Contractile fibroblastic cells expressing the α-smooth muscle actin isoform, so-called myofibroblasts, have been identified to play a possible role during the healing of the medial collateral ligament by means of restoring the tissues in situ strain via extracellular matrix contraction. Recently, these cells have also been identified to be a normal part of the human anterior cruciate ligament. It has been hypothesized that myofibroblasts play a role in the wrinkling of the extracellular matrix. The goal of the present study was to identify myofibroblasts in the intact ovine anterior cruciate ligament and a free autologous tendon graft during remodeling after anterior cruciate ligament reconstruction. In 36 mature merino sheep the anterior cruciate ligament was replaced with an ipsilateral Achilles tendon split graft. Midsubstance tissue samples were immunostained for α-smooth muscle actin at 6, 9, 12, 24, 52, and 104 weeks. Myofibroblasts were identified in the intact ovine anterior cruciate ligament as well as in the Achilles tendon graft prior to implantation. During remodeling the first myofibroblasts were found at six weeks within newly formed fiber bundles. At 24, 52, and 104 weeks myofibroblast distribution and cell density were similar to those of the intact ovine anterior cruciate ligament.

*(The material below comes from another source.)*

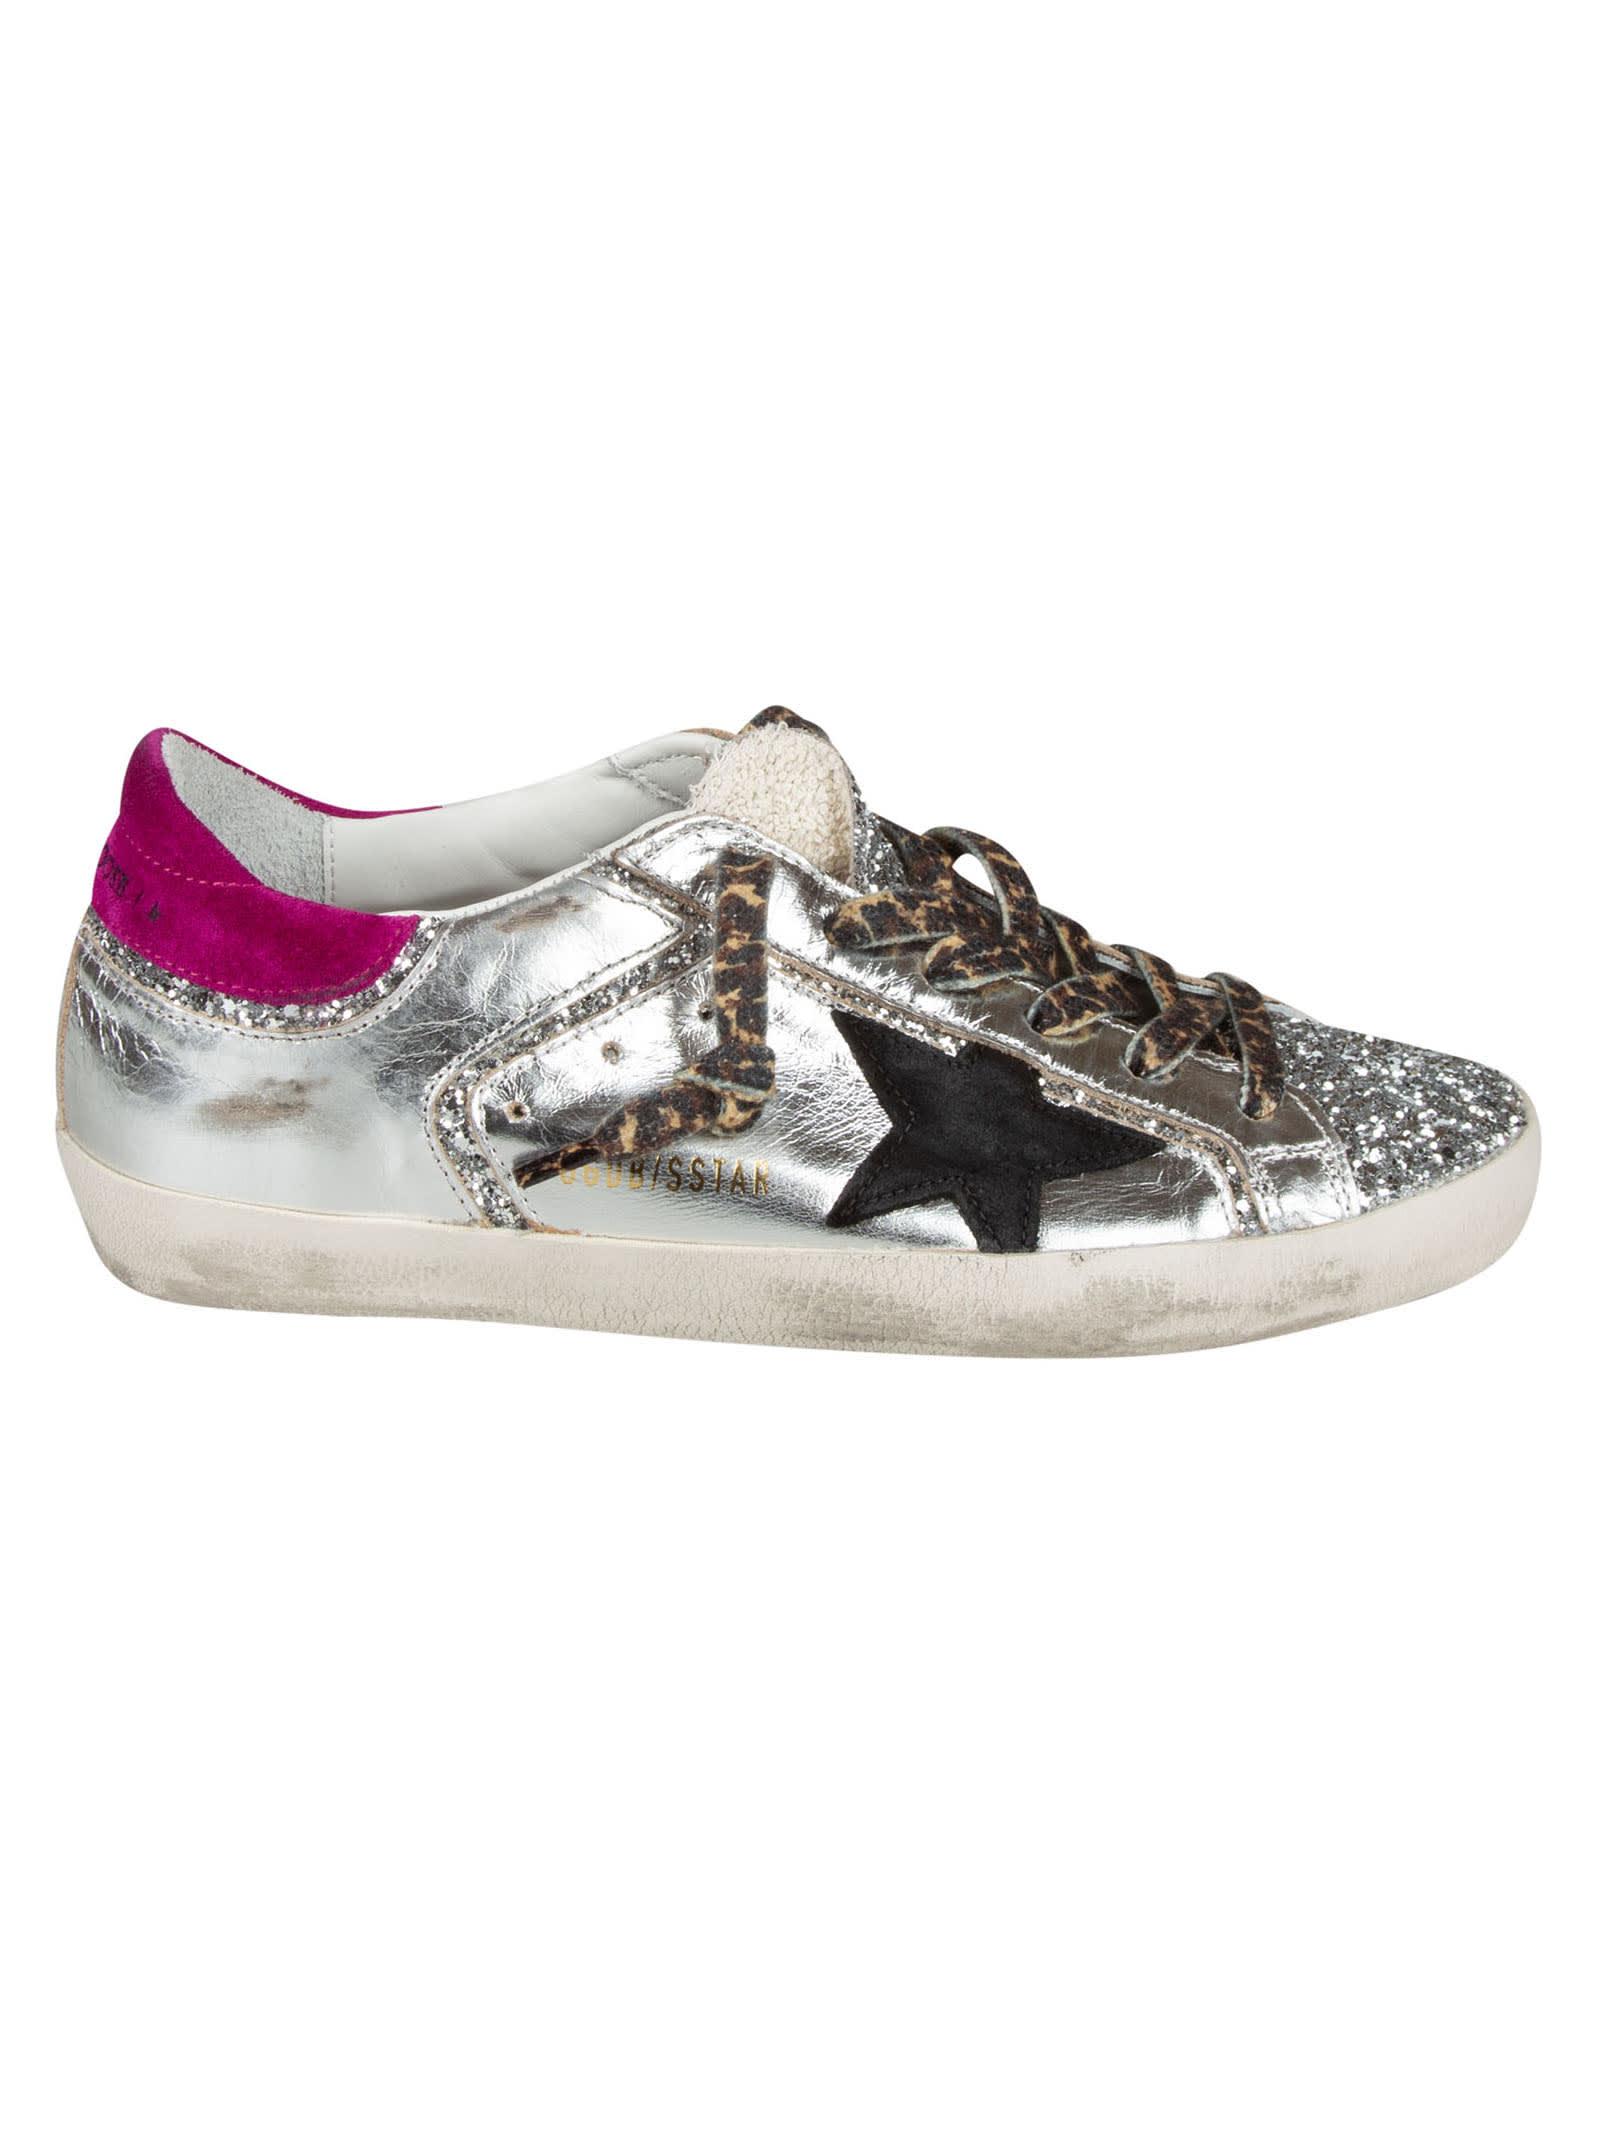 Golden Goose Super-star Double-quarter Sneakers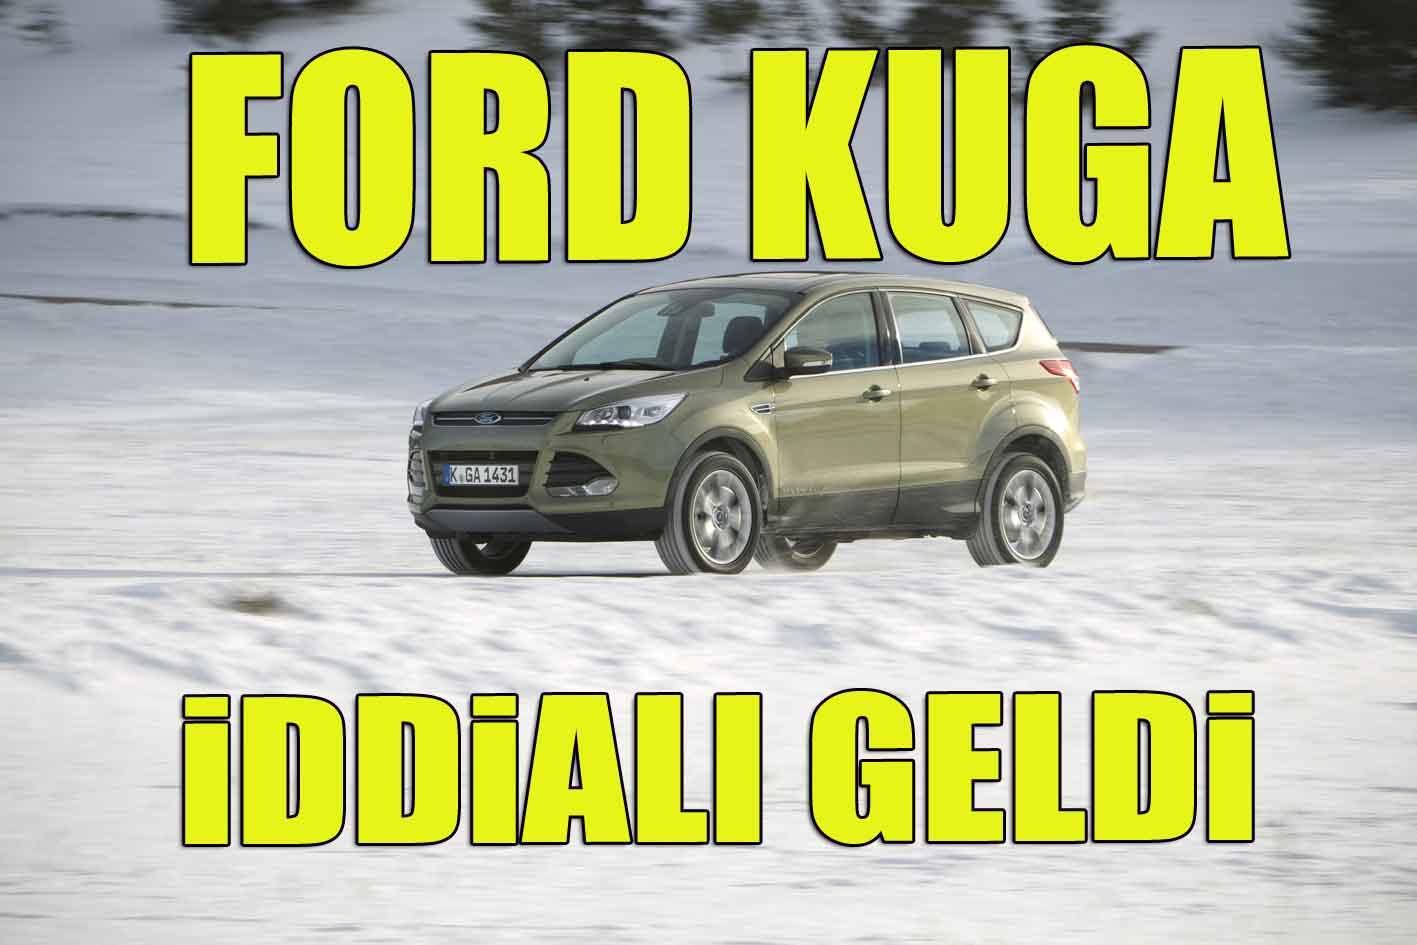 Ford Kuga çok havalı

These findings indicate that α-smooth muscle actin containing fibroblastic cells are a regular part of the intact as well as the remodeled anterior cruciate ligament. There is evidence that myofibroblasts may be involved in maintaining tissue homeostasis in the mature ligament e.g., by means of crimp formation. The presence of these cells during the early remodeling may further indicate that α-smooth muscle actin containing fibroblastic cells are involved in the earliest stages of fiber bundle formation. The role and function of this special cell type for the anterior cruciate ligament needs to be further clarified.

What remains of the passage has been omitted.